Introduction to Bioinformatics (KB7004) → Lab: Multiple sequence alignments

Lab: Multiple sequence alignments

Instructions

Answer all questions and send it to Marco by email.

***Please send a pdf file (not .docx, .odt etc) with “name_lab_your_name.pdf”

Video instructions

Grading

The lab reports are a training to write scientific texts and an important part of the course. To pass you need to provide a final version of the lab report within 7 days after the lab. You have one chance to submit a preliminary version and receive feedback on it (not mandatory). The preliminary version needs to be submitted within 72 hours of the lab and feedback will be provided at the latest 24 hours before the deadline of the assignment. If the final report it not submitted in time or it contains an error you will get an Fx on the lab course.  This means that you have to submit an updated lab report within 7 days after the exam and that the highest grade you can get is an E on the entire course. If this does not occur you will have to re-register for the course next time it is given (normally next year) and complete the missing parts that year and you can still not receive a grade higher than E.  So in short this is the rules for the lab reports.

A. 0-0 Lab

B. 0-3 days after the lab – Preliminary version

C. 3-6 days after the lab – Feedback

D. 7 days after the lab – Final version

The lab report must be complete upon submission, i.e. you have to provide an answer to each question. The assistant has the right to return / not approve the submission if it is not complete. Linguistic accuracy is a must.
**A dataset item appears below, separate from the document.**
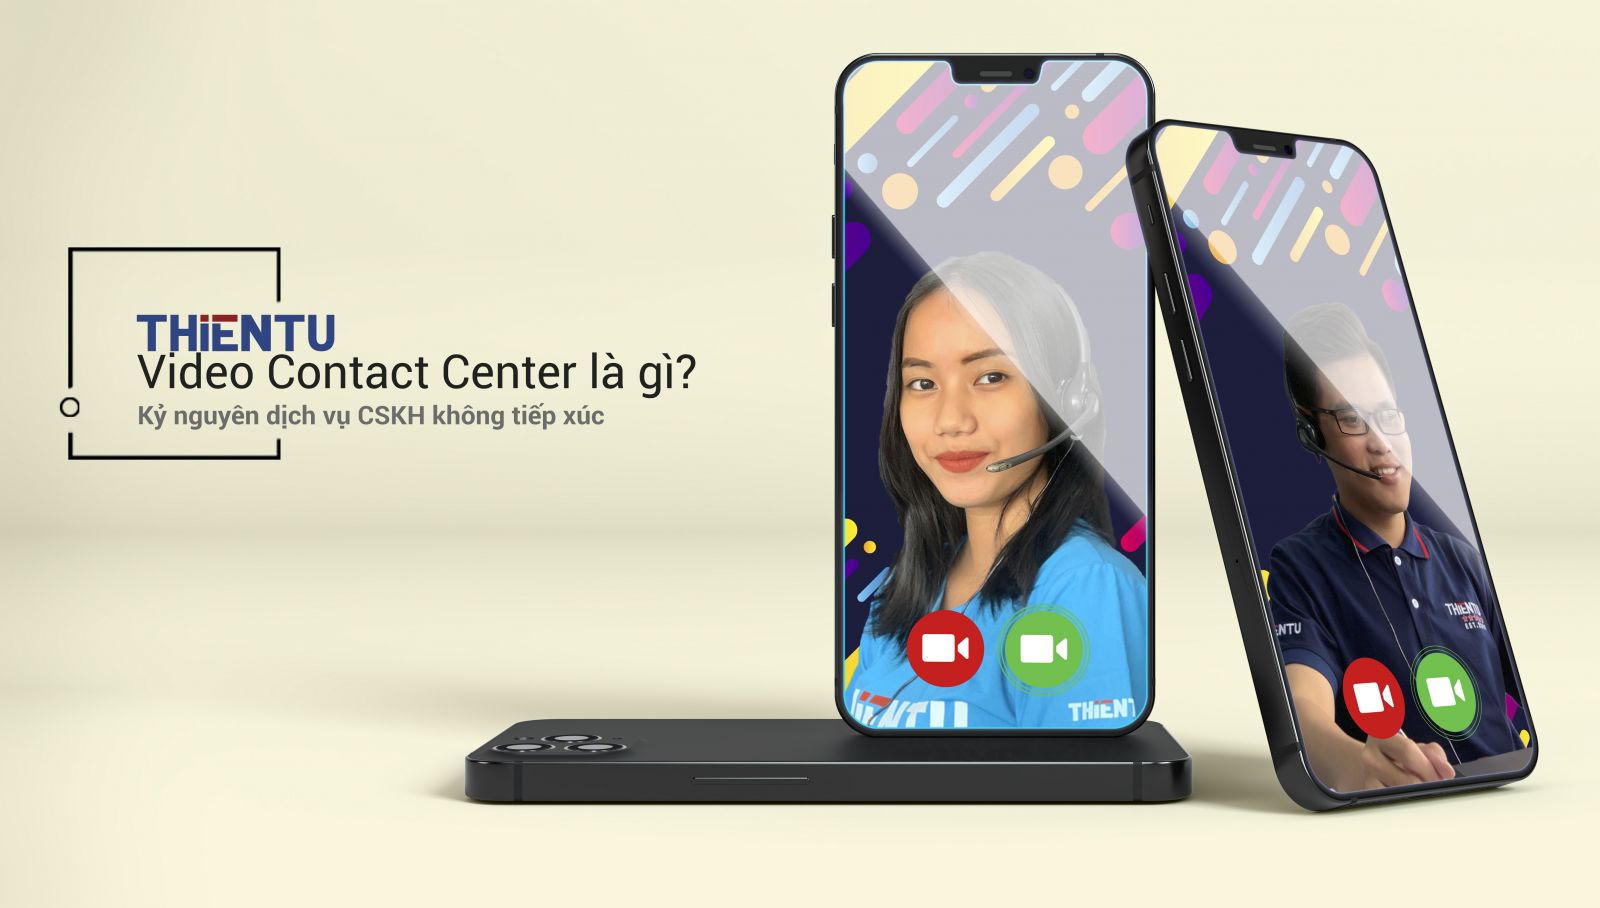 Video Contact Center là gì? 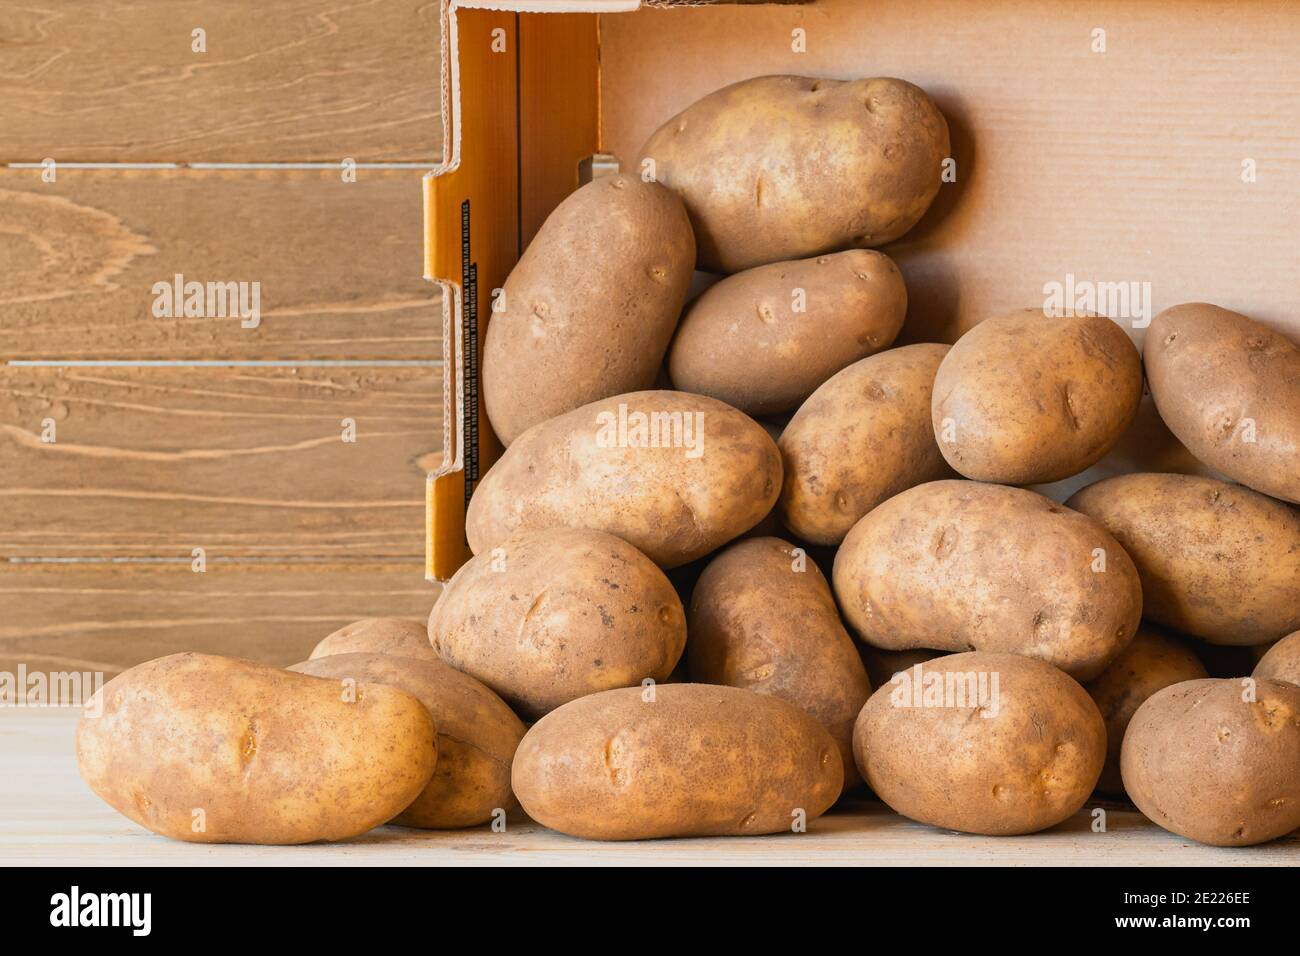 Les pommes de terre de l'Idaho dans une boîte de gros plan sur fond de bois Banque D'Images

Returns should get back to s within a week after you have received it. The submission of returns must be a version where all comments appear. All comments should be considered carefully or else it does not count as a return. A maximum of 1 return is allowed. The second return means that you have to re-register for the course next time it is given (normally next year) and complete the lab then.

Complete reports in time for all bioinformatics and programming labs are compulsory.

Assignment Instructions

Download all you need first!

Resources

P08487.fasta

Get the sequences of the proteins with the following accession numbers: A2AP18, O75038, Q4KWH8, Q8N3E9, Q4KWH5, Q8K2J0. The easiest way is to use Uniprot, and then retrieve.

PSI-BLAST

PSI-BLAST is an extension of BLAST and is employed to find sequences that are more distantly related to the query sequence. You can find information about how it works at
http://www.ncbi.nlm.nih.gov/books/NBK2590/

    1. How is PSI-BLAST different from blastp?

    2. What is a PSSM? Explain what kind of information it contains and how it is used.

    3. What does it mean when a PSI-BLAST search converges?

We will use PSI-BLAST to find evolutionarily related (homologous) sequences. The query sequence is taken from the Swissprot database and is the same as in the end of last assignment (P08487.fasta.txt).
Under protein blast it is possible to select PSI-BLAST as an option in the algorithm selection. The first round will be similar to running blastp. The sequences found in the first round can then be used to create a so called sequence profile to use in the next search.

    4. Which sequence is most similar to P08487 when searching the Swissprot database according to PSI-BLAST first round?

    5. Run PSI-BLAST iteration 2. Which one of the sequences that was found after iteration 2 but not in iteration 1 is most similar to your query protein P08487?

Multiple sequence alignments
Kalign

    6. Explain briefly why you would use a multiple sequence alignment to study a group of related proteins.

    7. What does it mean that a site is conserved?

Now you are going to create a multiple sequence alignment (MSA) of some of the hits from the PSI-blast search above. BLAST only reveals the part of the hit sequence that matches the query, so in order to build a proper MSA we will first need to retrieve the full sequences.

Now all the sequences you downloaded, together with the query sequence, are going to be aligned in a multiple alignment. The first program to take a look at is T-Coffee. Sequences in fasta format can be used as input. The multiple sequence alignment created by T-Coffee should be saved using “Download Alignment File” and can be visualized by using JalView. You can run JalView by typing “jalview” in a terminal window. More information about JalView is available here.

    8. Color the alignment according to BLOSUM62. Explain the coloring scheme.

    9. Calculate a phylogenetic tree using Neighbour joining tree BLOSUM 62. Include the image of   the obtained tree and an image of your full alignment. (Hint: Save As/Export)

ClustalW
Now we will use another program, called ClustalW, to create a multiple sequence alignment. ClustalW is also available as a web server. However, we will run it locally.

Start clustalw (with the command clustalw), choose 1. Sequence Input From Disc and type in your file. Next, create a multiple alignment with default parameters (2. Multiple Alignments, 1. Do complete multiple alignment now (Slow/Accurate) ). Save the output in a *.aln file. Now you should have a file with the alignment.

You can view your MSA with the multiple alignment as before using Jalview.

Now the alignment is visualized. Play around with the different coloring schemes that can be set.

Calculate a phylogenetic tree using Neighbour joining tree BLOSUM 62 based on your multiple alignment.

    10. Explain (briefly) the ClustalX coloring scheme.

    11. Include again an image of the alignment and the phylogenetic tree obtained.